Half this list is bad attribution. LiteLLM was a supply chain attack — stolen PyPI credentials, nothing to do with vibe coding. The Amazon outage number comes from a vendor blog pushing their own product. Nobody else reported it.
But the "where's your control group" take bugs me too. It's not that AI writes buggier code line for line. The gaps are just in different places. Devs who've shipped real apps add rate limiting, auth middleware, proper CORS — because they got burned before. AI skips all of it because nobody prompted for it.
I read through about 80 AI-generated repos a few weeks ago. Code looked decent. The missing stuff was always the same list — no auth on admin routes, API keys hardcoded in client JS, CORS wide open, debug endpoints still live in prod. Over and over.
Nothing there makes a wall of shame. Nothing's exploded yet. But it's the kind of stuff that does.
Exactly. "Tests pass" and "code is secure" are just different things. AI code makes that gap worse.
I run static analysis on mixed human/AI codebases. The AI parts pass tests fine but they'll have stuff any SAST tool flags on first run — hardcoded creds, wildcard CORS, string-built SQL. Works in a demo, turns into a CVE in prod.

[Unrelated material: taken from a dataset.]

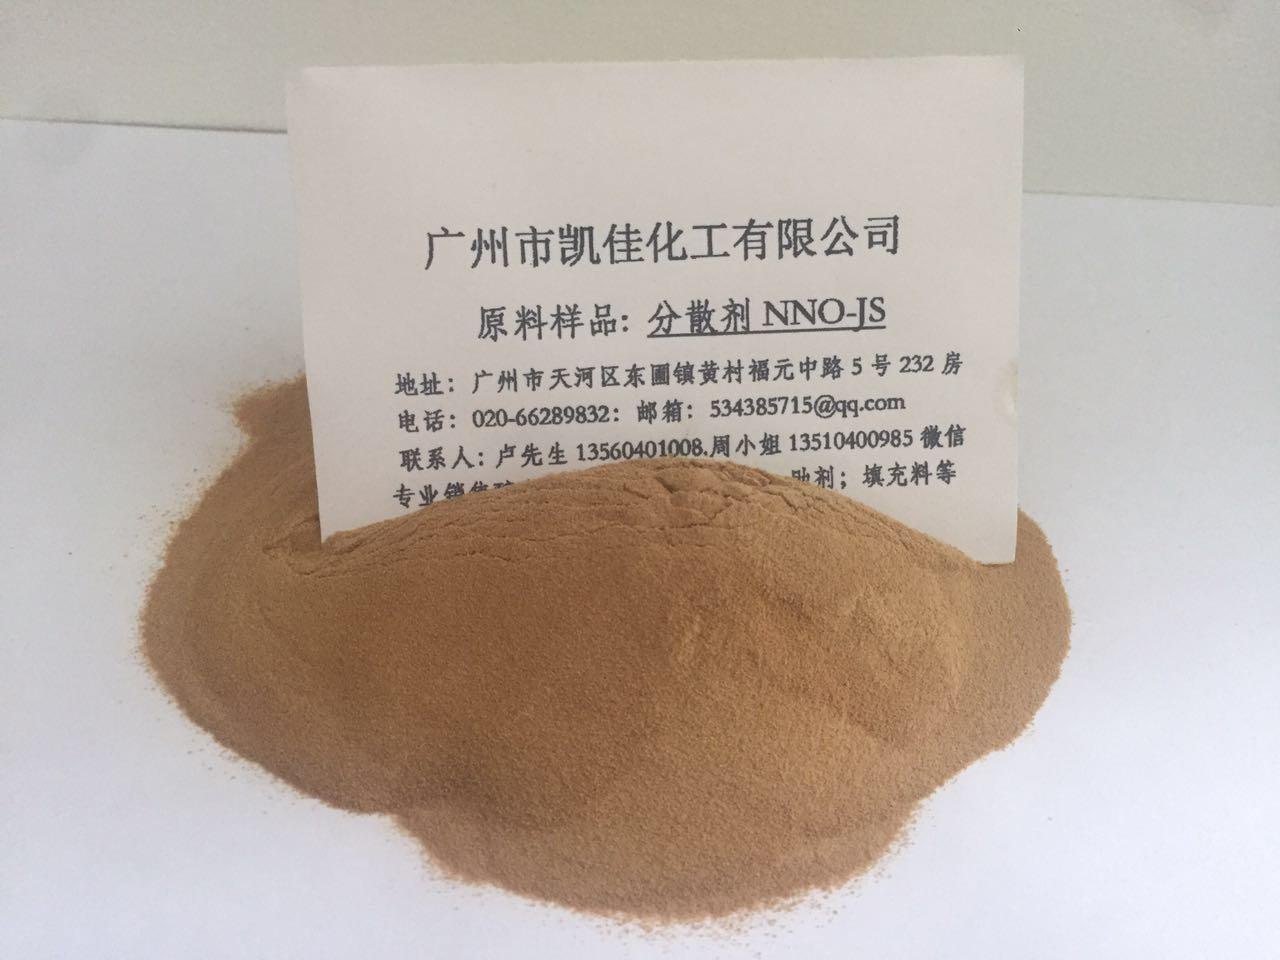 广州NNO分散剂供应产厂家/NNO分散剂批发直销/凯佳化工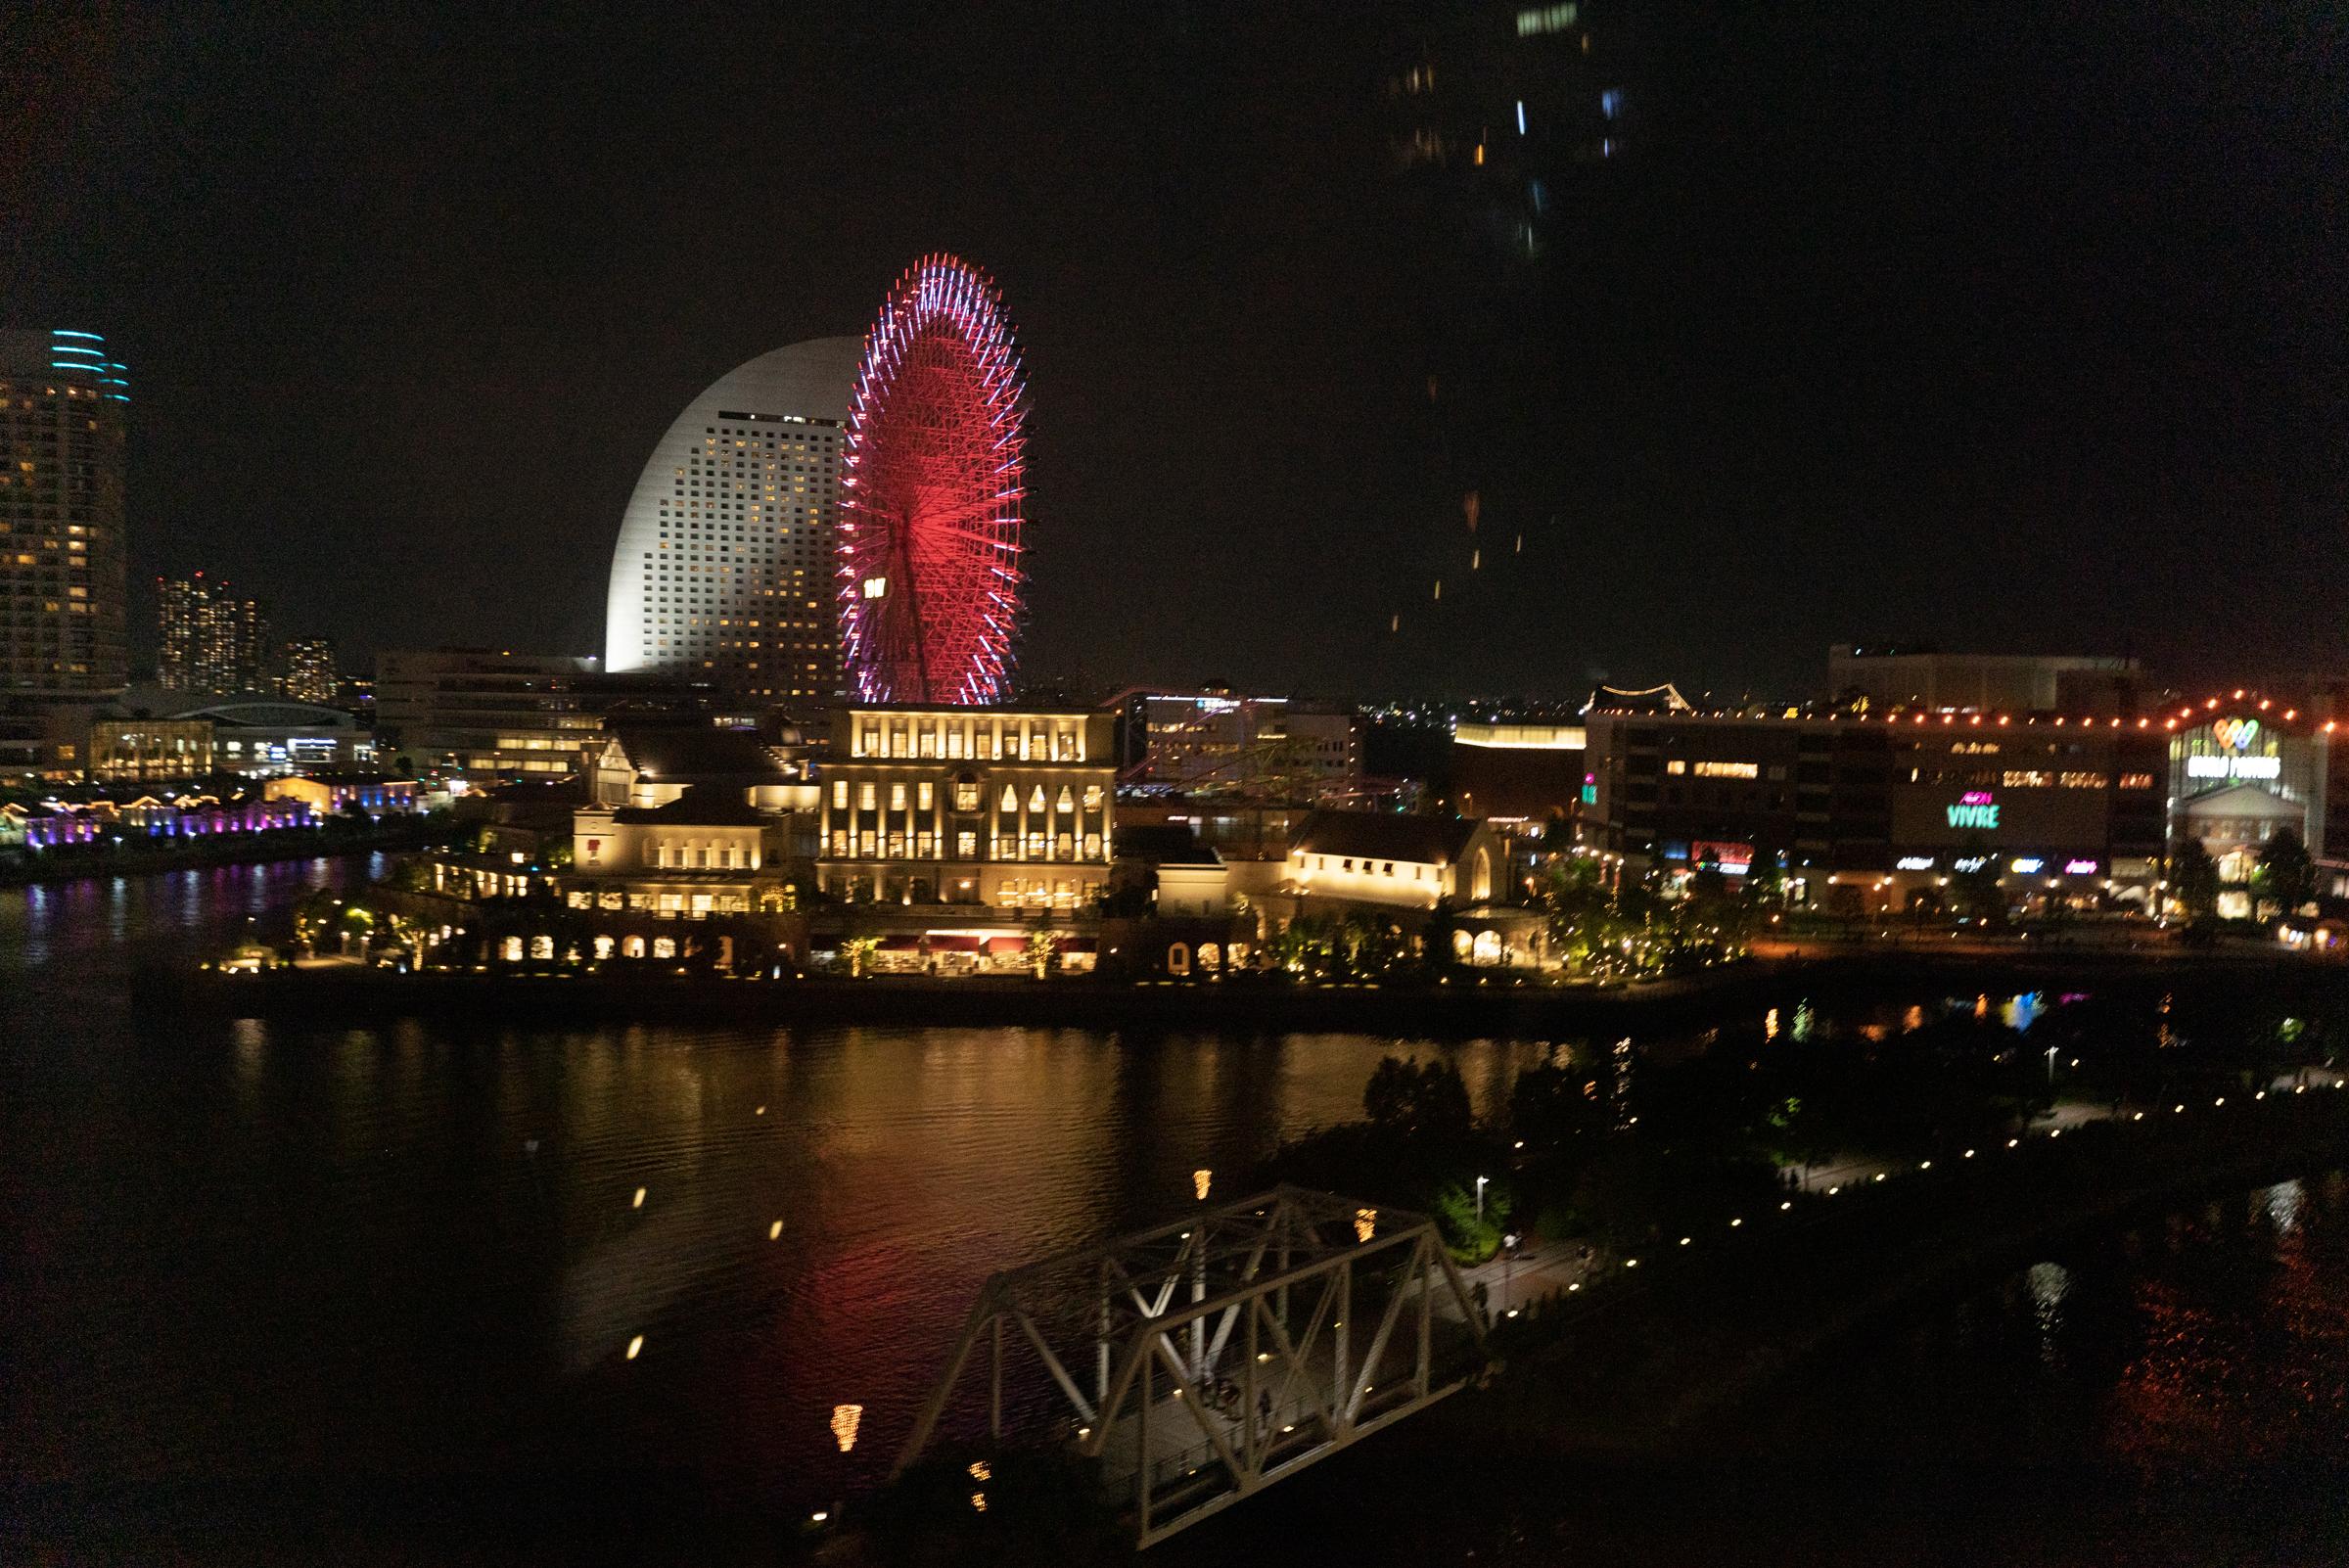 ロープウェイ みなとみらい 横浜ロープウェイ桜木町駅と運河パーク駅から空中散歩!乗ってみた感想とみなとみらいの景色

And nobody's review capacity scaled with generation speed. Most teams don't even have semgrep in CI. So you get unreviewed code just sitting in production.
The "10x" is real if you count lines shipped. Nobody counts the fix cost downstream though.
They exist. Go look at any "I built this in a weekend with Cursor" post — there are hundreds. The problem is most of them ship broken and stay broken. Auth that doesn't actually check anything, API keys in the frontend, falls over with 5 concurrent users.
The quantity is there. Nobody's asking "does this thing actually work" before hitting deploy. That's the real gap.
Sandboxes yes, but who even added the dependency? Half the projects I see have requirements.txt written by Copilot. AI says "add litellm", dev clicks accept, nobody even pins versions.
Then we talk about containment like anyone actually looked at that dep list.
Our security scanning runs on GitHub Actions — every PR gets checked before merge. When GitHub goes down, the security gate goes down with it. PRs pile up, devs get impatient, start merging without waiting for checks. That's exactly when bad code gets through. And they keep throwing engineers at Copilot while the stuff that CI/CD actually depends on keeps falling over.
250K lines in a month — okay, but what does review actually look like at that volume?
I've been poking at security issues in AI-generated repos and it's the same thing: more generation means less review. Not just logic — checking what's in your .env, whether API routes have auth middleware, whether debug endpoints made it to prod.
You can move that fast. But "review" means something different now. Humans make human mistakes. AI writes clean-looking code that ships with hardcoded credentials because some template had them and nobody caught it.
All these frameworks are racing to generate faster. Nobody's solving the verification side at that speed.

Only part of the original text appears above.